> **TASK OBJECTIVE**
Note how many lines in the material have "Wedding", and give only that figure.

> **EXERCISE INPUTS**
____
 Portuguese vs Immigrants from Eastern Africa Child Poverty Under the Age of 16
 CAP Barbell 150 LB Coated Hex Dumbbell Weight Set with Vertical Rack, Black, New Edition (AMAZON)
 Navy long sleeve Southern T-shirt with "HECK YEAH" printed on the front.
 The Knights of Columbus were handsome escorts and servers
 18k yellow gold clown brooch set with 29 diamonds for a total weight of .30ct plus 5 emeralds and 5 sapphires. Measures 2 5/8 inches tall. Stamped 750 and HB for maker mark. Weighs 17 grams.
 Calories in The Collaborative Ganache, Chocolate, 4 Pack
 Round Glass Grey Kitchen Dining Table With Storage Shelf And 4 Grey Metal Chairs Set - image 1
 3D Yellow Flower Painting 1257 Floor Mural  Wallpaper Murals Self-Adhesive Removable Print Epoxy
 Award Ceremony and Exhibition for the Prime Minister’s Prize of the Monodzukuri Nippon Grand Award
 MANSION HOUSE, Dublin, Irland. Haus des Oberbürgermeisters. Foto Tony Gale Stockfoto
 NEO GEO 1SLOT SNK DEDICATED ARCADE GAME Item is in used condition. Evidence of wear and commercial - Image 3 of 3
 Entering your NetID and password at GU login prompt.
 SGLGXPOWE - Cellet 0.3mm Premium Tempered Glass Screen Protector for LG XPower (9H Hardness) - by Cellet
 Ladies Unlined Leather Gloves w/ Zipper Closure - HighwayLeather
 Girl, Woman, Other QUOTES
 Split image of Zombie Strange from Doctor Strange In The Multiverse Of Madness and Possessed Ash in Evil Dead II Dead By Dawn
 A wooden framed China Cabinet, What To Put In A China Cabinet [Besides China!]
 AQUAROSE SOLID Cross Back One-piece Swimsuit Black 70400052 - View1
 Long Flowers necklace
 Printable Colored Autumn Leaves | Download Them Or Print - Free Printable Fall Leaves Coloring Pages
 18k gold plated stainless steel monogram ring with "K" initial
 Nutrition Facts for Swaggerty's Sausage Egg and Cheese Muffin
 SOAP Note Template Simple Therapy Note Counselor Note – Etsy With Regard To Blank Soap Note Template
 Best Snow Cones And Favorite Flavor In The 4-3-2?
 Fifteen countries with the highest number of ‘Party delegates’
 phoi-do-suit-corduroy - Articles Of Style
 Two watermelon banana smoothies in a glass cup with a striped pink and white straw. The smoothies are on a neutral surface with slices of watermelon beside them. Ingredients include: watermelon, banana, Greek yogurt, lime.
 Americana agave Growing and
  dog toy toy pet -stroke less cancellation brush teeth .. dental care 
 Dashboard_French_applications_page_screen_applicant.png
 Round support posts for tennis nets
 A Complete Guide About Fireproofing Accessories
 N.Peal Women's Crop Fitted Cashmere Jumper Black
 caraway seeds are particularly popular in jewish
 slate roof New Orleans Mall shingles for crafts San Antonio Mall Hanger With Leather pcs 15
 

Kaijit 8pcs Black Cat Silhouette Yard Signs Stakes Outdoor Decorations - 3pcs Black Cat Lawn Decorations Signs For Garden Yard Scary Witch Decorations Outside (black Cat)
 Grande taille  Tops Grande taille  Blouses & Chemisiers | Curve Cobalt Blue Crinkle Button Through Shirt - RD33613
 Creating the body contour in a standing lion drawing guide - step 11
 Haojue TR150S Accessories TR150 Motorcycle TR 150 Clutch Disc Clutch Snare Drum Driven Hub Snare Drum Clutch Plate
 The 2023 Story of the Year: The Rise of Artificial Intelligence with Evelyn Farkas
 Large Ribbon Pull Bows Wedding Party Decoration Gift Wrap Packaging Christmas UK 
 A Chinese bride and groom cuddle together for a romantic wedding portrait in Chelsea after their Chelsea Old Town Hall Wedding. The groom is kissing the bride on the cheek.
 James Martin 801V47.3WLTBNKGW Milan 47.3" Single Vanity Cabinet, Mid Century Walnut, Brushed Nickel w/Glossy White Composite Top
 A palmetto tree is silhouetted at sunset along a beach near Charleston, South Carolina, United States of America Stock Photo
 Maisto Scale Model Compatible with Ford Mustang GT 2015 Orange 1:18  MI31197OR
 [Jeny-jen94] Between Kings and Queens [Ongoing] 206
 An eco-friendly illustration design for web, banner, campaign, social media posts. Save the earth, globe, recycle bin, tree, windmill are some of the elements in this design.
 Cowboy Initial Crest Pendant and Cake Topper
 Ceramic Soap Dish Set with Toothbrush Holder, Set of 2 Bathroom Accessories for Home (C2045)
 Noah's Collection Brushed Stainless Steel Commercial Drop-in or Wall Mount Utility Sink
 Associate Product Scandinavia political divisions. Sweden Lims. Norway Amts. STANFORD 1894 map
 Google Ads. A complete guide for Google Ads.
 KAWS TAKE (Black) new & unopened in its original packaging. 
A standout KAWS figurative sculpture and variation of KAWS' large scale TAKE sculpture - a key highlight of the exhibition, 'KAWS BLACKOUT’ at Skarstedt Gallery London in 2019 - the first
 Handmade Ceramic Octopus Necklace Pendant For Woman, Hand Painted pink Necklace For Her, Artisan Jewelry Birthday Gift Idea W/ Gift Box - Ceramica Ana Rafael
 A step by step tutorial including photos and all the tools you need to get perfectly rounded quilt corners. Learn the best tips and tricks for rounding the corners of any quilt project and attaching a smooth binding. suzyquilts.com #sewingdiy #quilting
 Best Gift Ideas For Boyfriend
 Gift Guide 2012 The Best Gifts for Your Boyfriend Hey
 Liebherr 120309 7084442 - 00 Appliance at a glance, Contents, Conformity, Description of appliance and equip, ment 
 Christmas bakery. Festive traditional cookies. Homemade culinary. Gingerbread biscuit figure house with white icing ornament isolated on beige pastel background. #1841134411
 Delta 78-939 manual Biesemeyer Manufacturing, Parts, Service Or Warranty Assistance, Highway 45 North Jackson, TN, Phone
____
> **YOUR SOLUTION**
2